Lehrkräftebedarf und -angebot: Bis 2035 steigende Engpässe zu erwarten

Szenariorechnungen zum INSM-Bildungsmonitor

Institut der deutschen Wirtschaft (IW) Institut der deutschen Wirtschaft (IW)

Entgegen dem allgemeinen Trend am Arbeitsmarkt ist die Lehrkräftebasis in Deutschland im letzten Jahrzehnt deutlich jünger geworden. Waren im Schuljahr 2010/2011 noch 32,4 Prozent 55 Jahre und älter, traf dies im Schuljahr 2020/2021 nur noch auf 24,9 Prozent zu.

Entsprechend steht hier in den nächsten Jahren auch keine besonders große Verrentungs- oder Pensionierungswelle bevor. Geht man von den aktuellen Mustern beim Übergang in den Ruhestand und bei der Ausbildung von Nachwuchslehrkräften an den Hochschulen aus, wäre, ohne gezieltes staatliches Handeln, zwischen den Schuljahren 2020/2021 und 2030/2031 mit einem leichten Anstieg des Gesamtbestands an Lehrkräften in Deutschland von 761.000 auf 776.000 Vollzeitäquivalente zu rechnen. Danach dürften sich die Auswirkungen teilweise fehlender Abiturjahrgänge aufgrund der Rückkehr zum neunjährigen Gymnasium in einigen Bundesländern in der Lehrkräfteausbildung bemerkbar machen und der Lehrkräftebestand bis zum Schuljahr 2035/2036 wieder auf 770.000 Vollzeitäquivalente leicht zurückgehen.

Trotz dieser positiven Entwicklung beim Bestand dürfte es im nächsten Jahrzehnt zu zunehmenden Engpässen bei der Lehrkräfteversorgung kommen. Hintergrund sind die in den 2010er-Jahren stark gestiegenen Geburtenzahlen, die sich derzeit erst in den Grundschulen, im kommenden Jahrzehnt jedoch auch in den weiterführenden Schulen auswirken. So könnte die Gesamtzahl der Schülerinnen und Schüler im Schuljahr 2030/2031 einen Wert von 11,7 Millionen und im Schuljahr 2035/2036 von 11,8 Millionen erreichen, wohingegen es im Schuljahr 2020/2021 nur 10,7 Millionen waren. Legt man die derzeitigen Schüler-Lehrkraft-Relationen in den verschiedenen Schulformen zugrunde, würde der Lehrkräftebedarf von 761.000 im Schuljahr 2020/2021 auf jeweils 836.000 in den Schuljahren 2030/2031 und 2035/2036 steigen. Vergleicht man dies mit dem vorausberechneten Lehrkräftebestand, ergibt sich eine Lücke von 59.000 Vollzeitäquivalenten im Schuljahr 2030/2031 und von 66.000 Vollzeitäquivalenten im Schuljahr 2035/2036. Dabei können verschiedene bildungspolitische und gesellschaftliche Entwicklungen dazu führen, dass der Lehrkräftebedarf noch deutlich höher liegt. Etwa wäre dies der Fall, wenn Schulen in herausfordernden sozialen Lagen zusätzliche Lehrkräfte zugewiesen oder sich mehr junge Menschen für den Besuch einer gymnasialen Oberstufe entscheiden würden. Auch können die Schülerzahlen durch Zuwanderung stark steigen, wie das aktuell im Kontext der Flucht aus der Ukraine der Fall sein dürfte. Allerdings lässt sich noch nicht abschätzen, wie viele Kinder und Jugendliche letztlich tatsächlich nach Deutschland kommen und hierbleiben werden, sodass sich auch noch keine fundierten Aussagen zu den Auswirkungen auf den Lehrkräftebedarf treffen lassen.
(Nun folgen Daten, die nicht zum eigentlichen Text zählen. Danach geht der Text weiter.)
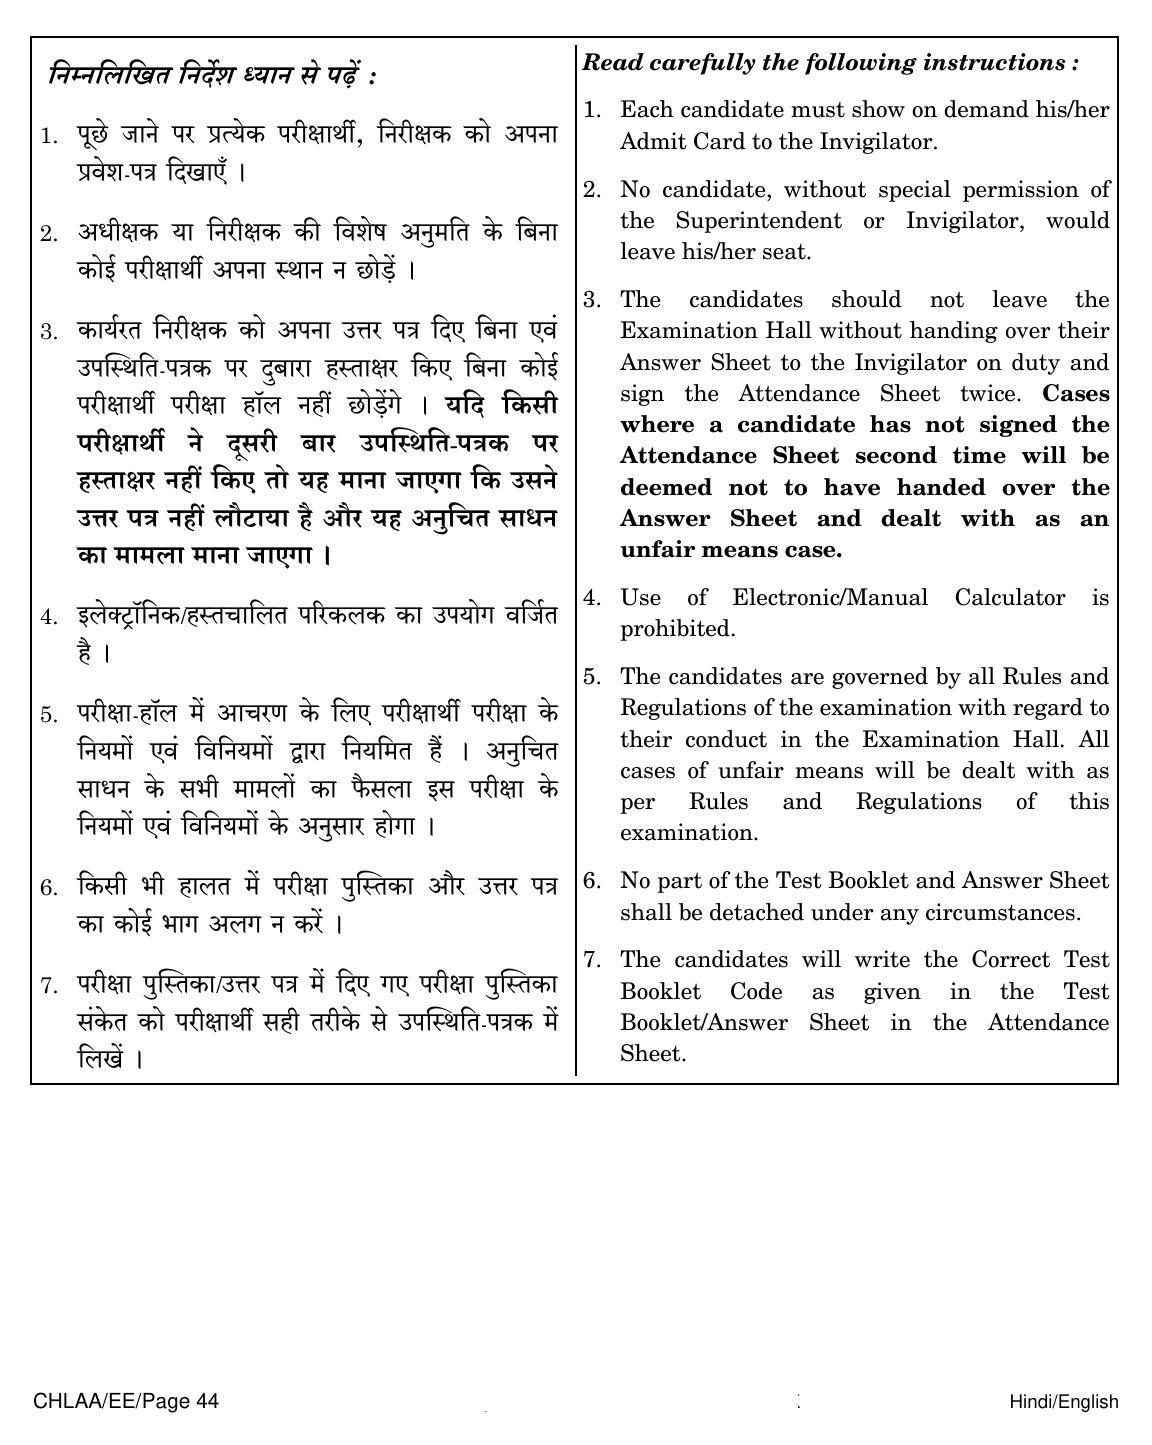 NEET Hindi EE 2018 Question Paper - Page 44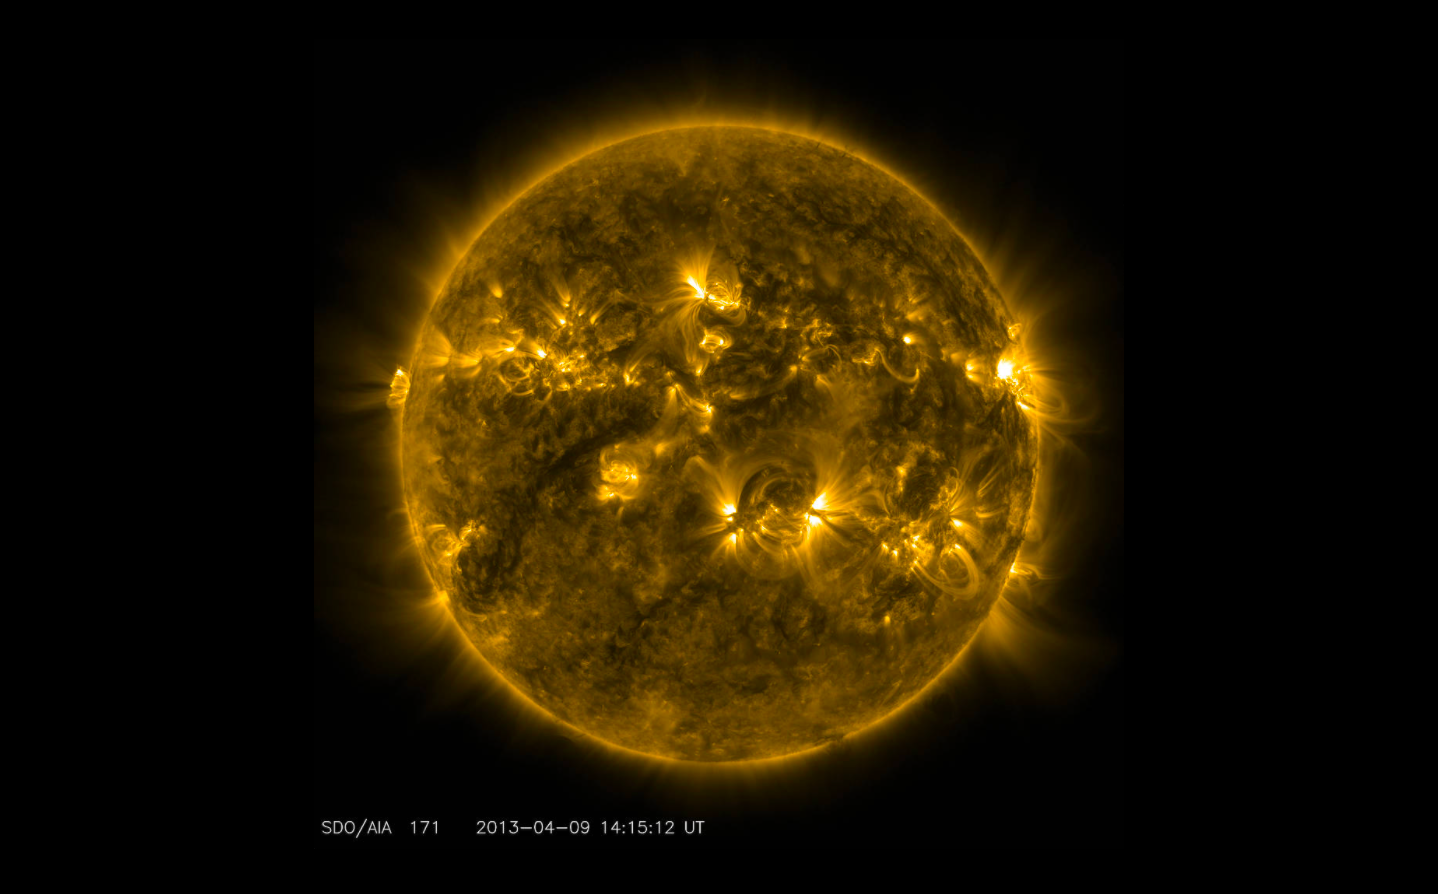 How Do We Know When the Sun Will Die?

Um den Lehrkräfteengpässen bereits kurz- bis mittelfristig entgegenzuwirken, wird es keinesfalls ausreichen, mehr junge Menschen für ein Lehramtsstudium zu gewinnen. So benötigen diese auch bei einem zügigen Verlauf mindestens acht Jahre zwischen Studienbeginn und Eintritt in den Schuldienst als fertig ausgebildete Lehrkraft und stehen den Schulen damit nicht rechtzeitig zur Verfügung. Vielmehr müssen auch Quereinstiege von anderen einschlägigen Bachelorstudiengängen in Masterstudiengänge im Lehramt und von anderen einschlägigen Masterstudiengängen in den Vorbereitungsdienst gezielt gefördert und durch entsprechende Nachqualifizierungsangebote begleitet werden. Auch sollten die Lehrkräfte an den Schulen noch stärker durch multiprofessionelle Teams unterstützt und von Aufgaben außerhalb des regulären Unterrichts, etwa im Bereich der Elternarbeit und Digitalisierung der Schulen, entlastet werden.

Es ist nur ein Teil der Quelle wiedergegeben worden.